[Task instructions]
Please repeat, exactly and without pictures, the lines of the entries below that run from the one containing "Whole Handmade 925" through the one containing "Waterproof Hard Carrying".

[Given data]

+===+

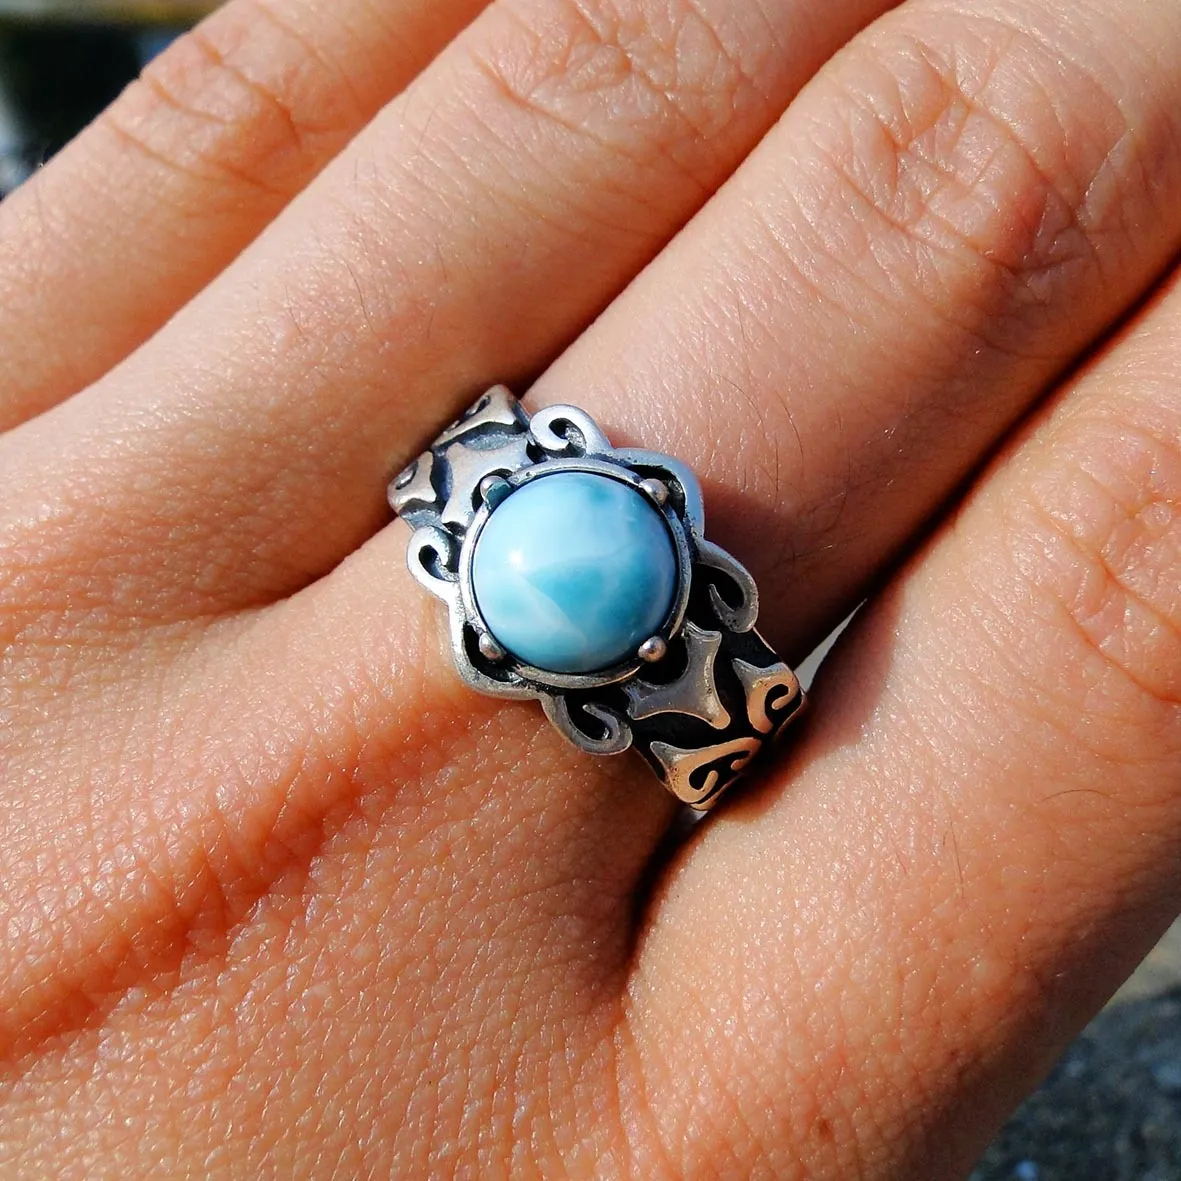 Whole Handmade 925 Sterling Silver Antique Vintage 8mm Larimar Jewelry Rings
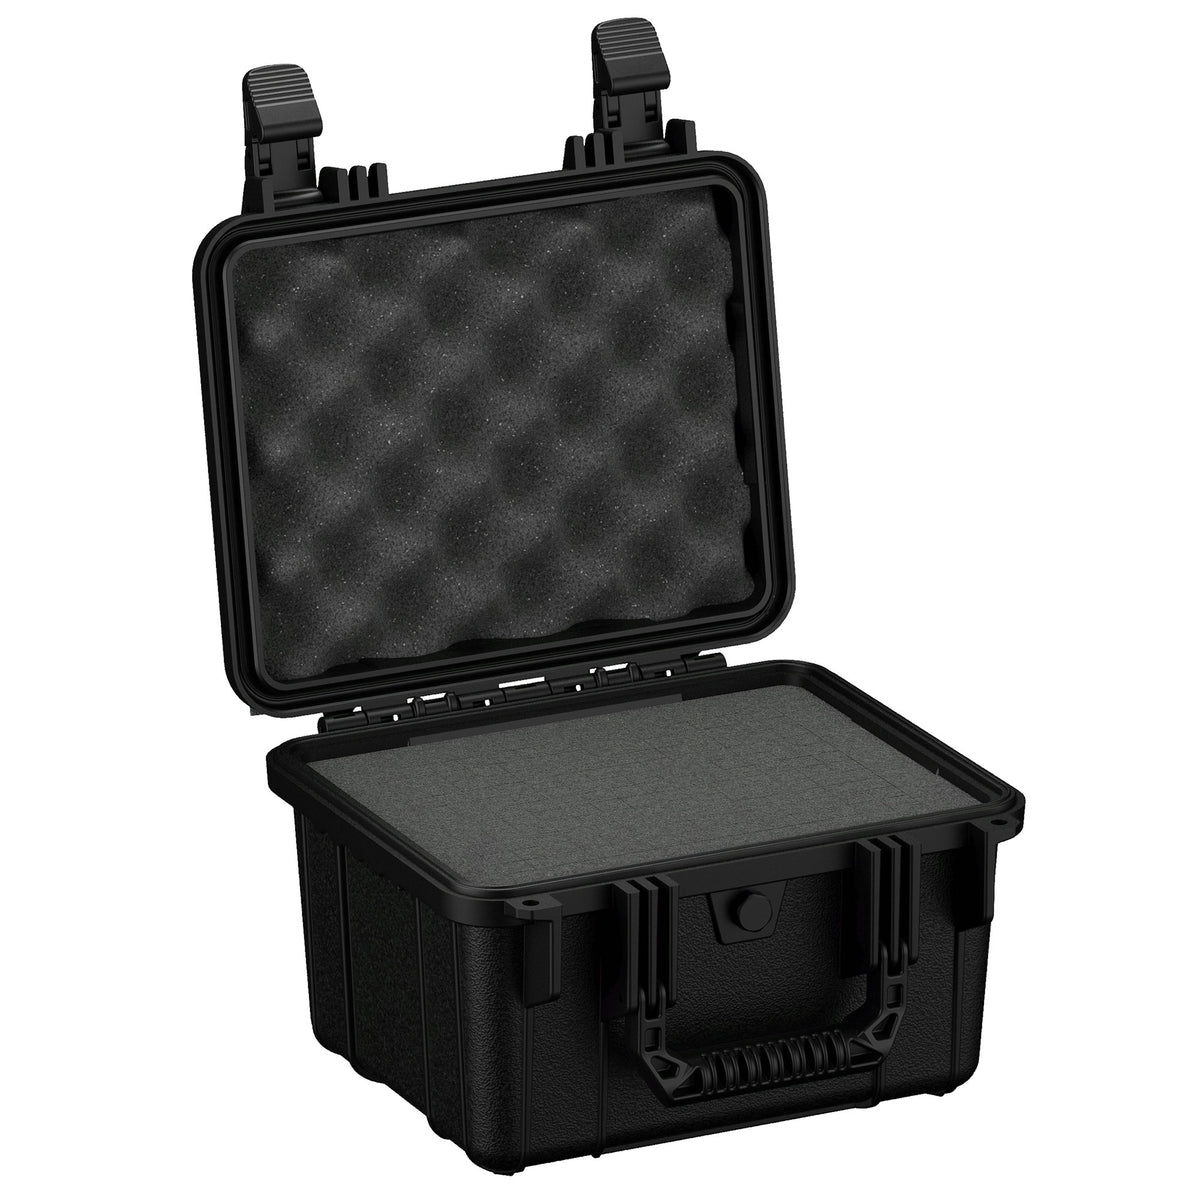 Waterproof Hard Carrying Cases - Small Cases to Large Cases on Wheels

+===+

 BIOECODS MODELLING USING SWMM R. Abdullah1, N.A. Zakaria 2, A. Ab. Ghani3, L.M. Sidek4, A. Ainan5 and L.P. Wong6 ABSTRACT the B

+===+

[Result of the task]
 Whole Handmade 925 Sterling Silver Antique Vintage 8mm Larimar Jewelry Rings
 Waterproof Hard Carrying Cases - Small Cases to Large Cases on Wheels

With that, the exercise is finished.